AI Dungeon, a text-based fantasy simulation that runs on OpenAI’s GPT-3, has been churning out weird tales since May 2019. Reminiscent of early text adventure games like Colossal Cave Adventure, you get to choose from a roster of formulaic settings—fantasy, mystery, apocalyptic, cyberpunk, zombies—before picking a character class and name, and generating a story.
Here was mine: “You are Mr. Magoo, a survivor trying to survive in a post-apocalyptic world by scavenging among the ruins of what is left. You have a backpack and a canteen. You haven’t eaten in two days, so you’re desperately searching for food.” So began Magoo’s 300-ish-word tale of woe in which, “driven half-mad” by starvation, he happens upon “a man dressed in white.” (Jesus? Gordon Ramsay?) Offering him a greeting kiss, Magoo is stabbed in the neck.
As lame as this story is, it hints at a knotty copyright issue the games industry is only just beginning to unravel. I’ve created a story using my imagination—but to do that I’ve used an AI helper. So who wrote the tale? And who gets paid for the work?

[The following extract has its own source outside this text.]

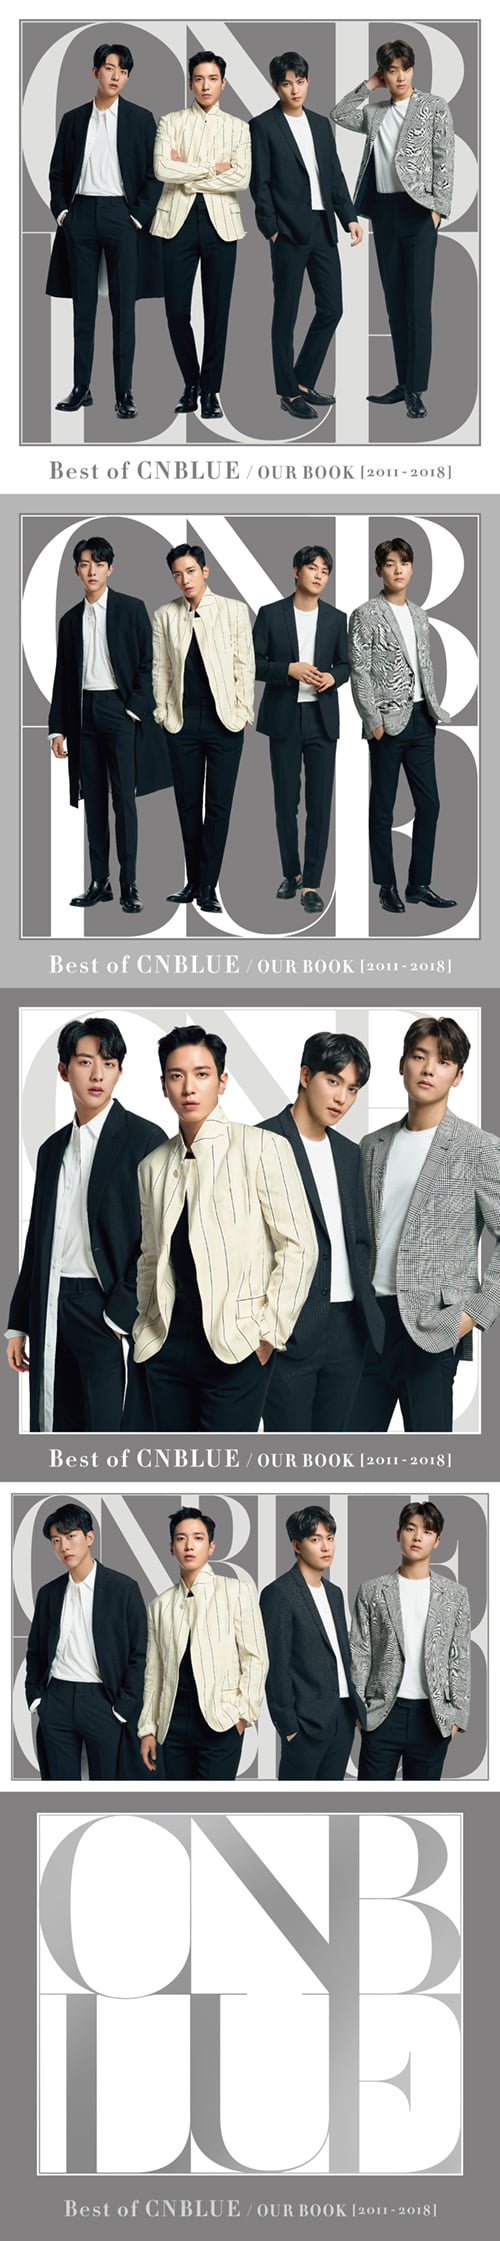 CNBLUE / Best of CNBLUE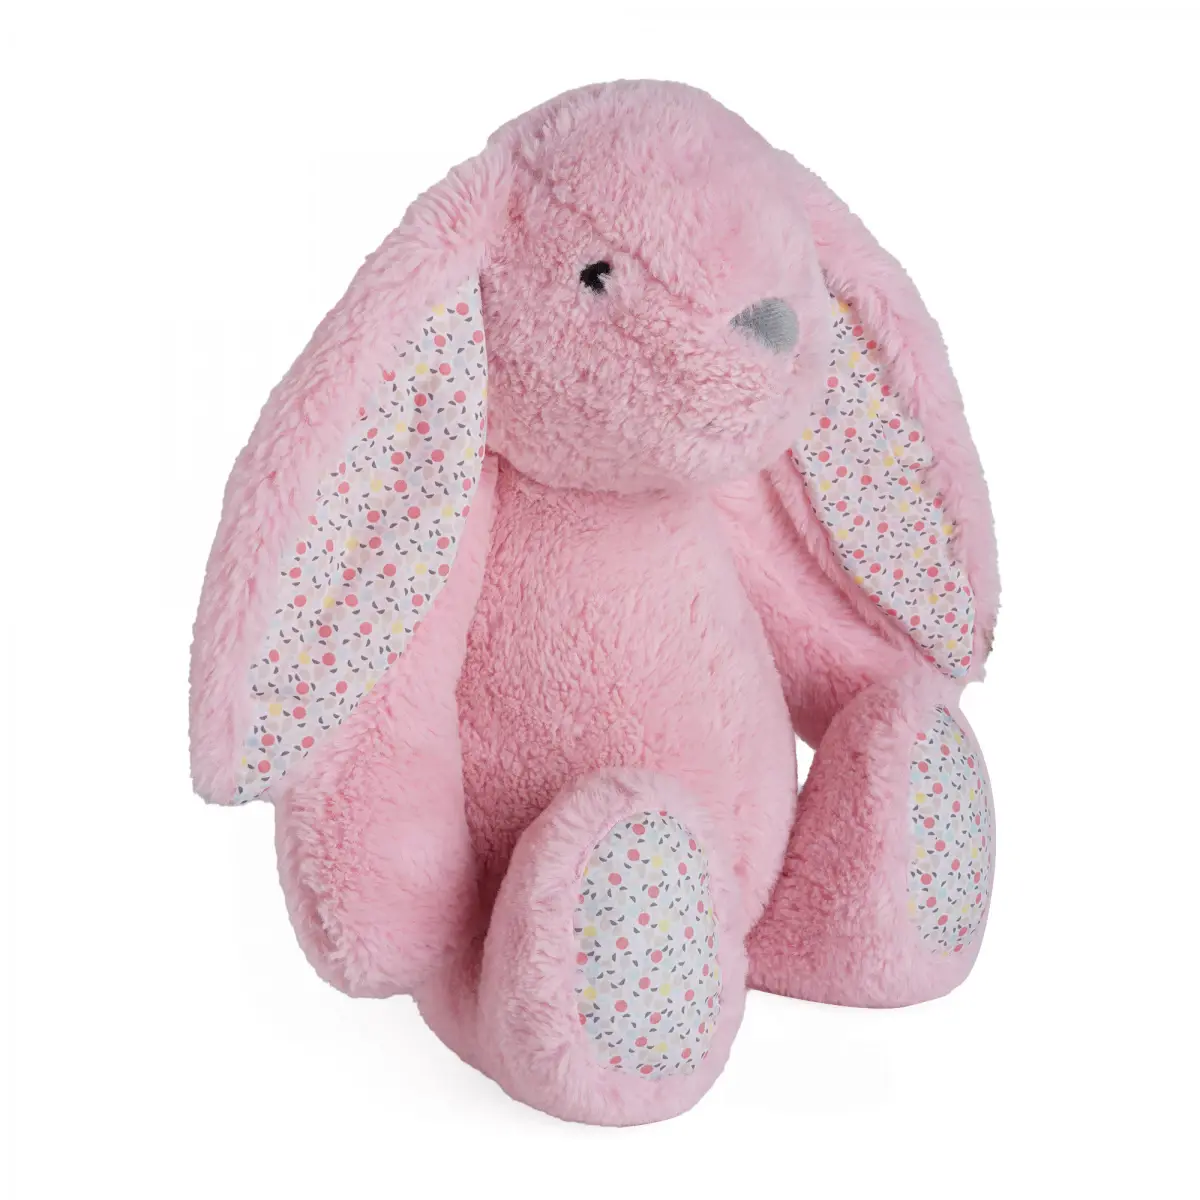 Bunny Huggable Cuddly Stuffed Toy By Fuzzbuzz, Soft Toys for Kids, Cute Plushies Pink For Kids Of Age 2 Years & Above

AI Dungeon was created by Nick Walton, a former researcher at a deep learning lab at Brigham Young University in Utah who is now the CEO of Latitude, a company that bills itself as “the future of AI-generated games.” AI Dungeon is certainly not a mainstream title, though it has still attracted millions of players. As Magoo’s tale shows, the player propels the story with action, dialogue, and descriptions; AI Dungeon reacts with text, like a dungeon master—or a kind of fantasy improv.
In several years of experimentation with the tool, people have generated far more compelling D&D-esque narratives than mine, as well as videos like “I broke the AI in AI Dungeon with my horrible writing.” It’s also conjured controversy, notably when users began prompting it to make sexually explicit content involving children. And as AI Dungeon—and tools like it—evolve, they will raise more difficult questions about authorship, ownership, and copyright.
Many games give you toolsets to create worlds. Classic series like Halo or Age of Empires include sophisticated map makers; Minecraft precipitated an open-ended, imaginative form of gameplay that The Legend of Zelda: Tears of the Kingdom’s Fuse and Ultrahand capabilities draw clear inspiration from; others like Dreams or Roblox, are less games than platforms for players to make more games.
Historically, claims of ownership to in-game creations or user-generated creations (IGCs or UGCs) have been rendered moot by “take it or leave it” end-user license agreements—the dreaded EULAs that nobody reads. Generally, this means players surrender any ownership of their creations by switching on the game. (Minecraft is a rare exception here. It’s EULA has long afforded players ownership of their IGCs, with relatively few community freakouts.)
AI adds new complexities. Laws in both the US and the UK stipulate that, when it comes to copyright, only humans can claim authorship. So for a game like AI Dungeon, where the platform allows a player to, essentially, “write” a narrative with the help of a chatbot, claims of ownership can get murky: who owns the output, the company that developed the AI, or the user?